One of the enemy’s aeroplanes flew above our heads, circled around, and then disappeared. It dropped no bombs and was satisfied with its reconnoissance. The whistle of the train shrieked out, and there was a cheer from the French gunners as we went on our way to safety, leaving them behind at the post of peril.
ST. PIERRE DU VAUVRAY, Sept. 6.—England received a hint yesterday as to a change in the German campaign, but only those who have been, as I have, into the very heart of this monstrous horror of war, seeing the flight of hundreds of thousands of people before an overwhelming enemy and following the lines of the allied armies in their steady retirement before an apparently irresistible advance, may realize even dimly the meaning of the amazing transformation that has happened during the last few days.
For when I wrote my last dispatch from Arques-la-Bataille, after my adventures along the French and English lines, it seemed as inevitable as the rising of next day’s sun that the Germans should enter Paris on the very day when I wrote my dispatch. Still not a single shot has come crashing upon the French fortifications.

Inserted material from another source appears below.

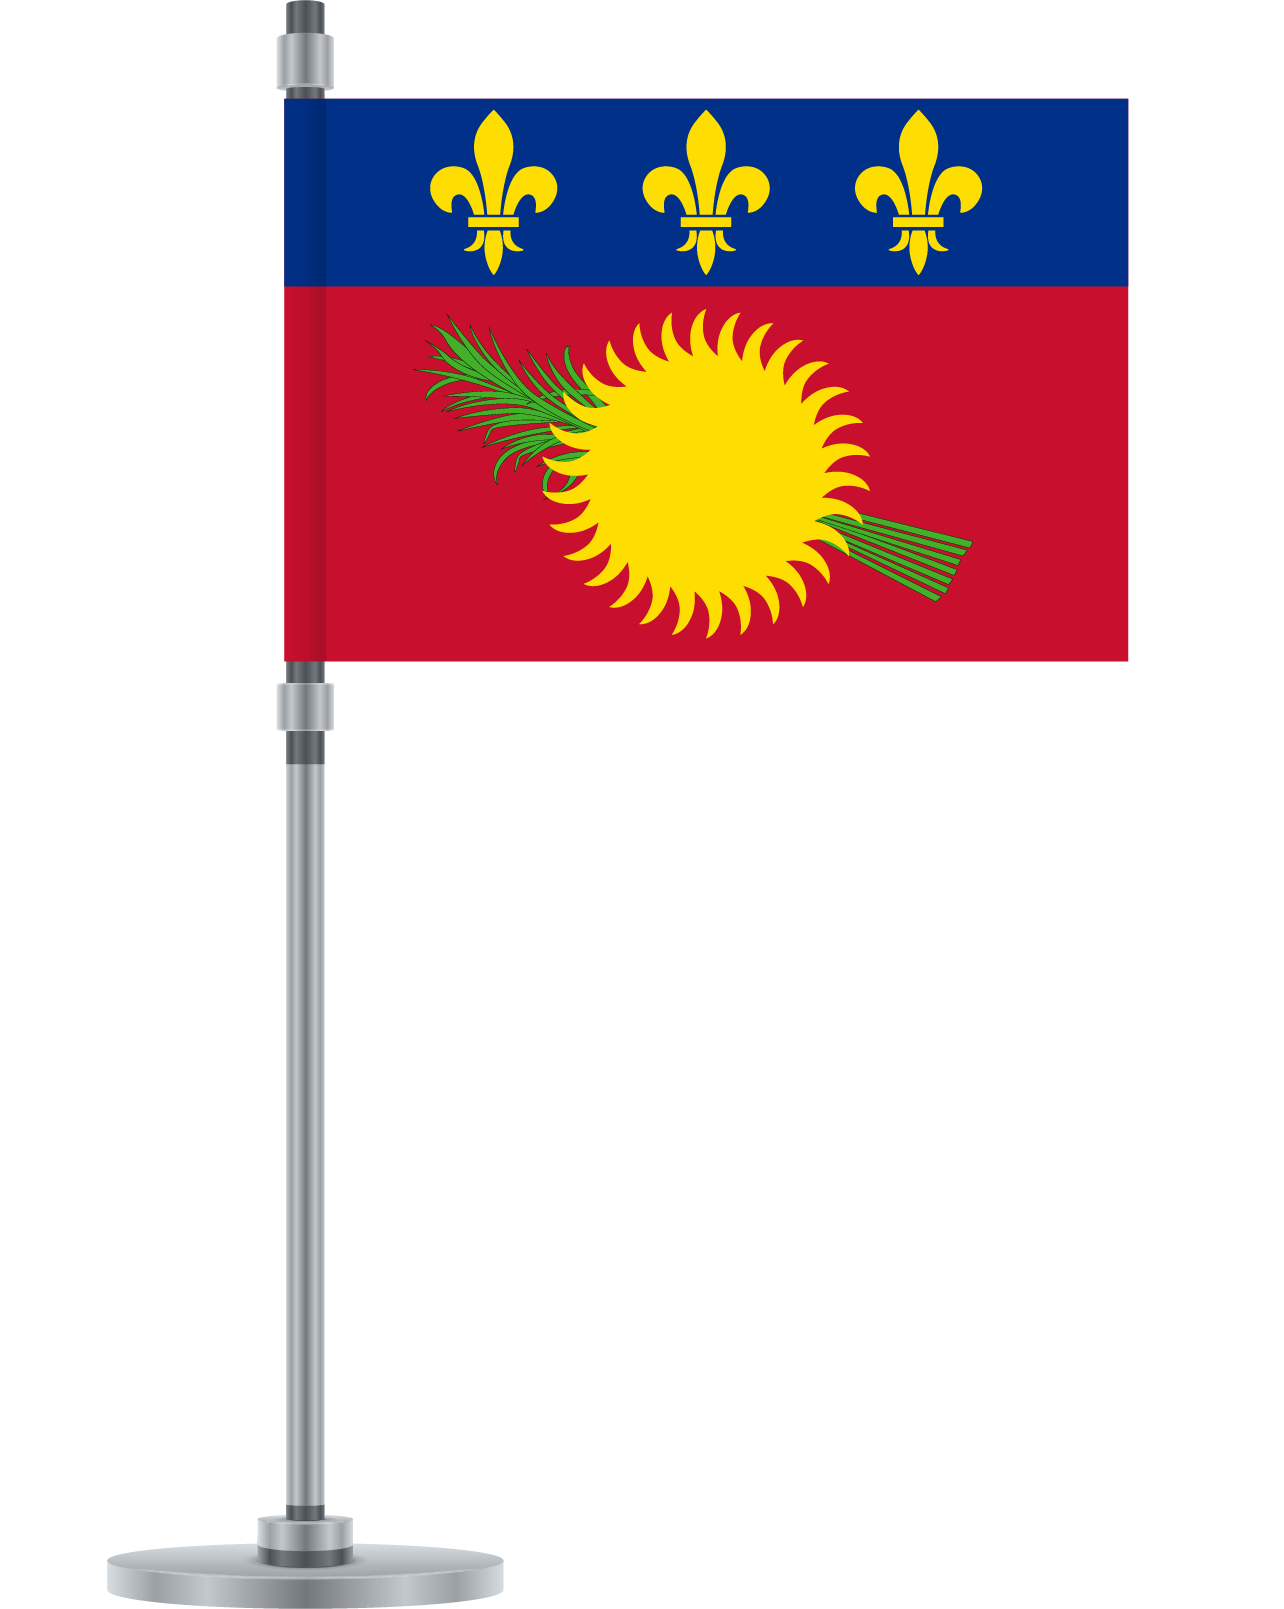 Guadeloupe flag

At least a million men—that is no exaggeration of a light pen, but the sober and actual truth—were advancing steadily upon the capital last Tuesday. They were close to Beauvais when I escaped from what was then a death-trap. They were fighting our British troops at Creil when I came to that town. Upon the following days they were holding our men in the Forest of Compiegne. They had been as near to Paris as Senlis, almost within gunshot of the outer forts.
“Nothing seems to stop them,” said many soldiers with whom I spoke. “We kill them and kill them, but they come on.”
The situation seemed to me almost ready for the supreme tragedy—the capture or destruction of Paris. The northwest of France lay very open to the enemy, abandoned as far south as Abbeville and Amiens, too lightly held by a mixed army corps of French and Algerian troops with their headquarters at Aumale.
Here was an easy way to Paris.
Always obsessed with the idea that the Germans must come from the east, the almost fatal error of this war, the French had girdled Paris with almost impenetrable forts on the east side, from those of Ecouen and Montmorency, by the far-flung forts of Chelles and Champigny, to those of Susy and Villeneuve, on the outer lines of the triple cordon; but on the west side, between Pontoise and Versailles, the defenses of Paris were weak. I say “were,” because during the last three days thousands of men have been digging trenches and throwing up ramparts. Only the snakelike Seine, twining into Pegoud loop, forms a natural defense to the western approach to the city, none too secure against men who have crossed many rivers in their desperate assaults.
This, then, was the Germans’ chance; it was for this that they had fought their way westward and southward through incessant battlefields from Mons and Charleroi to St. Quentin and Amiens and down to Creil and Compiegne, flinging away human life as though it were but rubbish for deathpits. The prize of Paris, Paris the great and beautiful, seemed to be within their grasp.